** TASK INSTRUCTIONS **
Leaving the pictures aside, restate all of the data exactly.

(COLLECTED MATERIAL Opens)

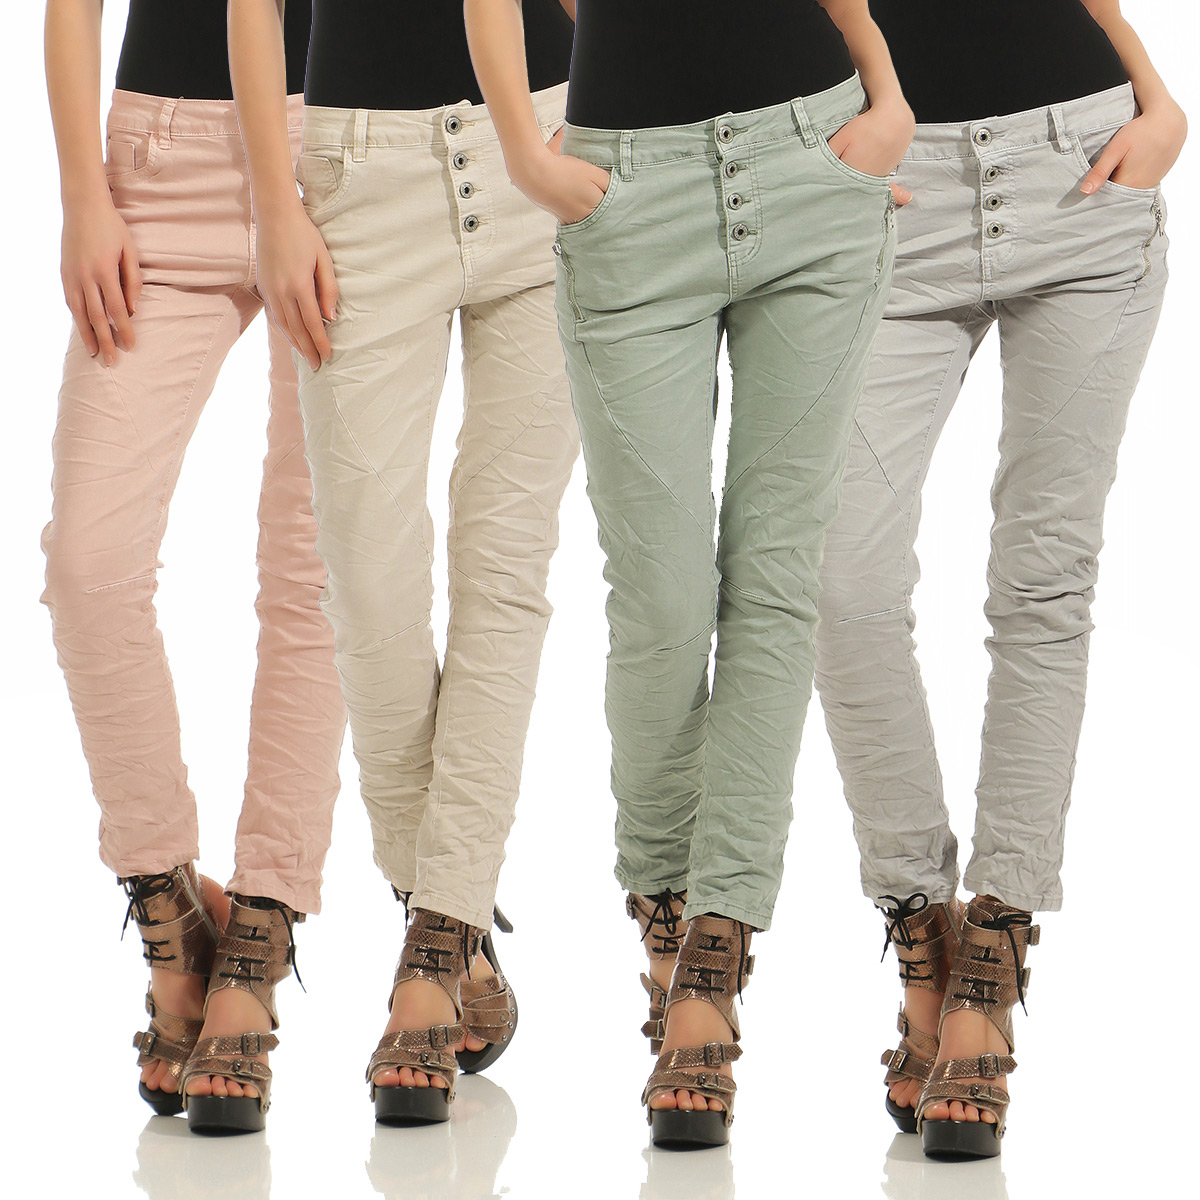 lexxury jeans online shop
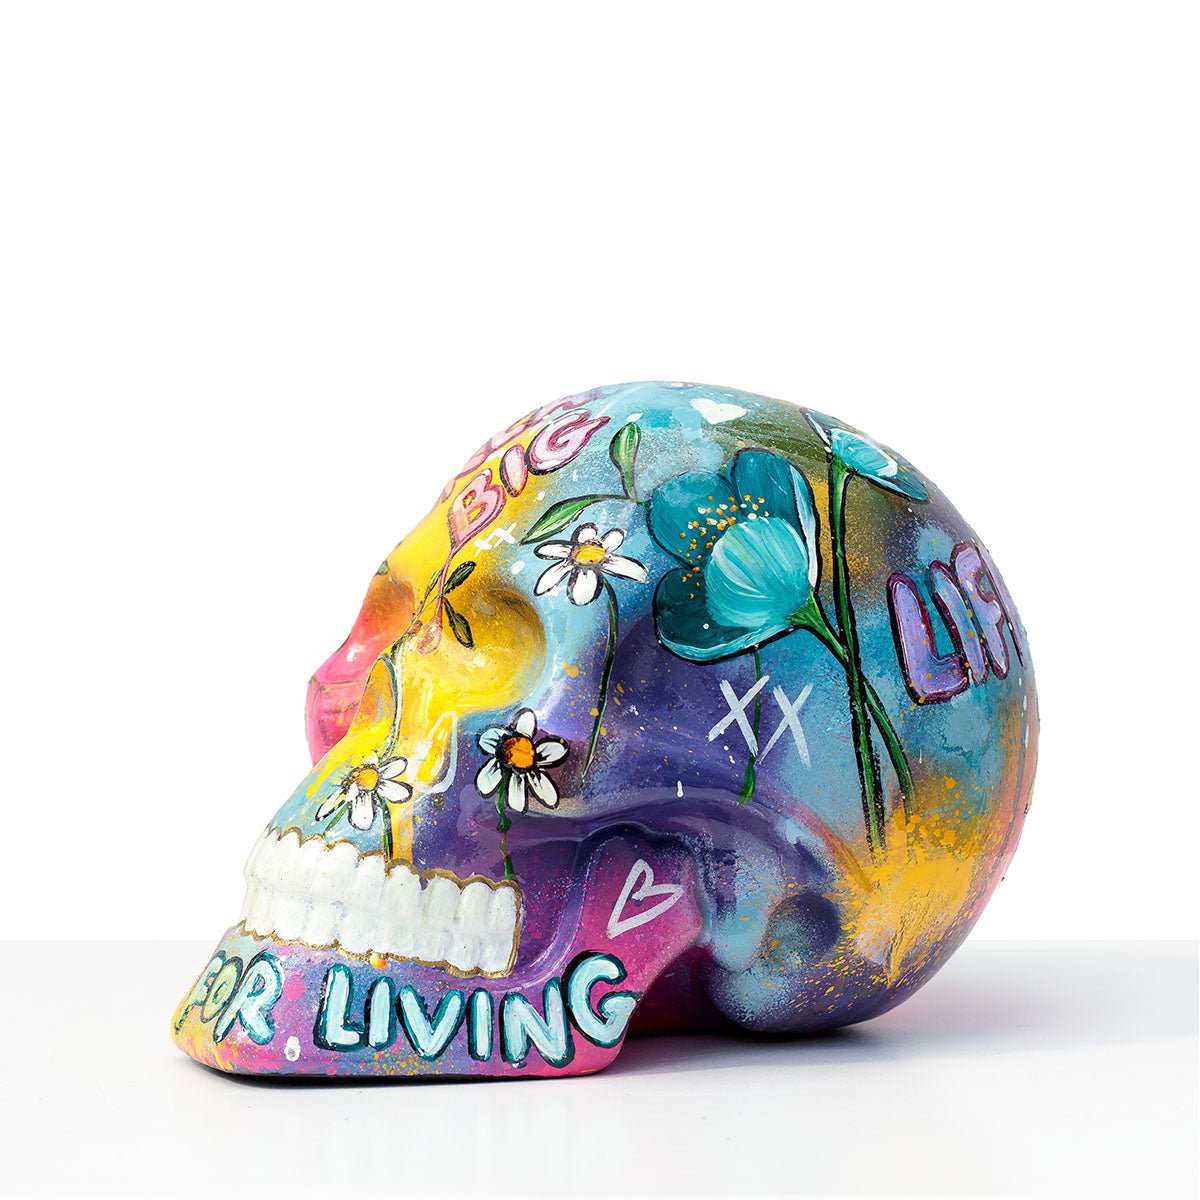 Life Is For Living - Original Sculpture Becky Smith Original
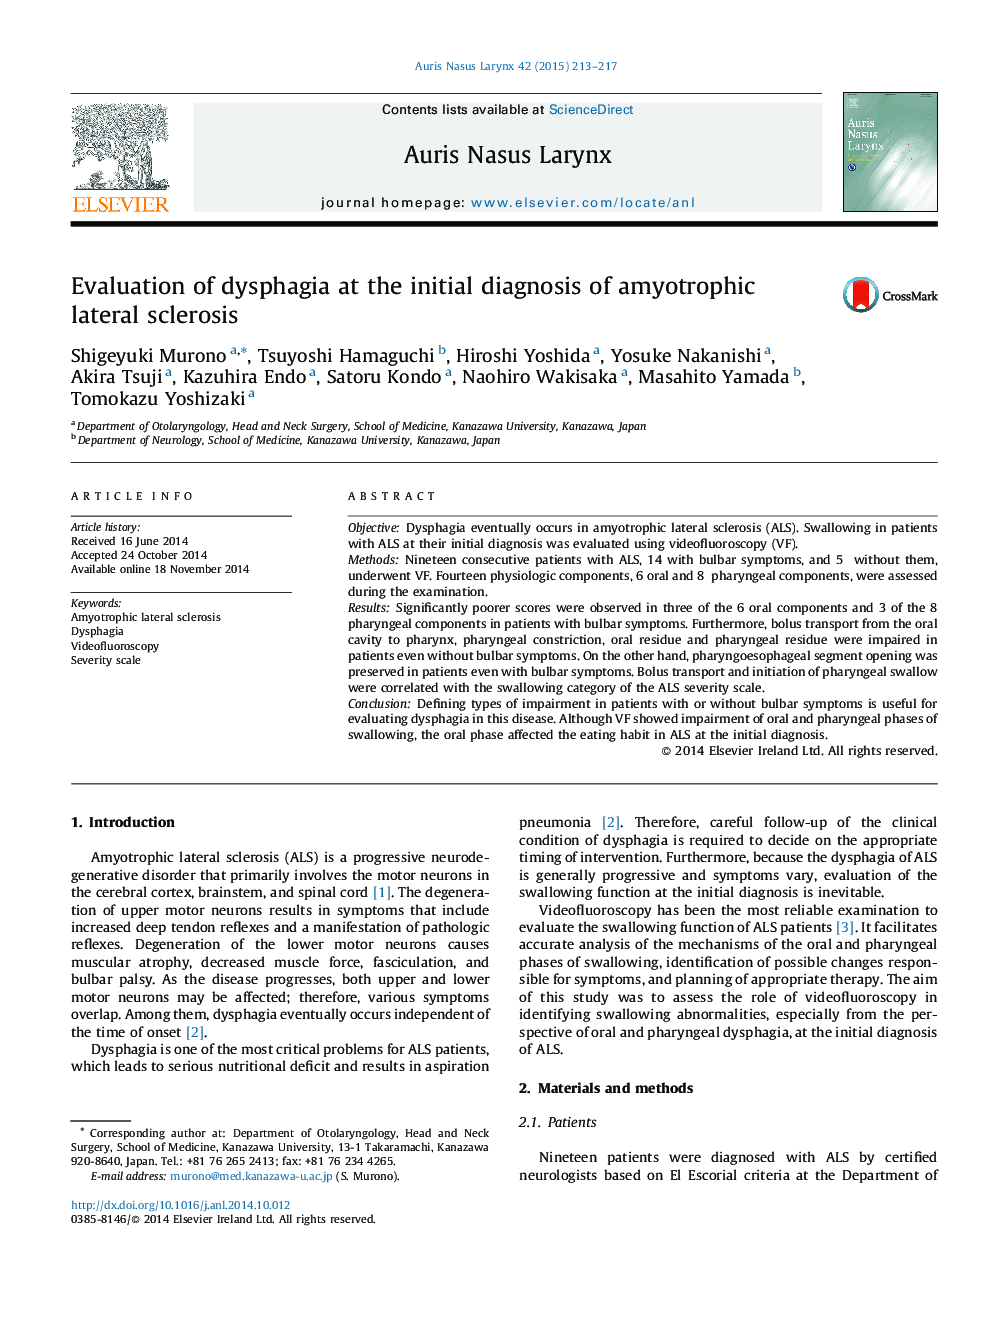 بررسی دیسفاژی در تشخیص اولیه اسکلروز جانبی آمیوتروفی 
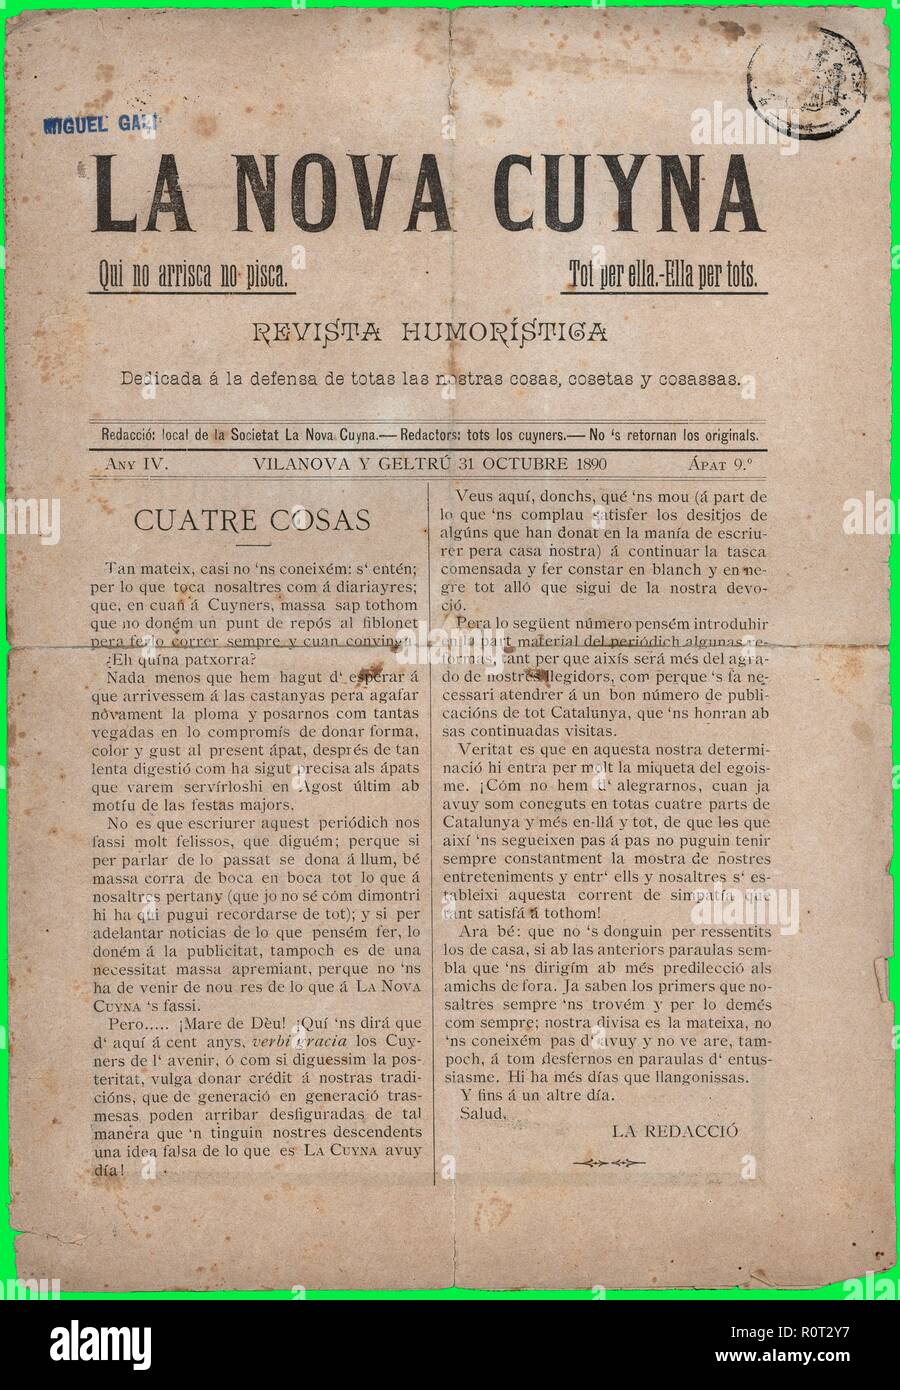 Portada de la revista humorística La Nova Cuyna, editada en Vilanova i la Geltrú, octubre de 1890. Stock Photo

(COLLECTED MATERIAL Closes)

** RESPONSE AREA **
 lexxury jeans online shop
 Life Is For Living - Original Sculpture Becky Smith Original
 بررسی دیسفاژی در تشخیص اولیه اسکلروز جانبی آمیوتروفی 
 Portada de la revista humorística La Nova Cuyna, editada en Vilanova i la Geltrú, octubre de 1890. Stock Photo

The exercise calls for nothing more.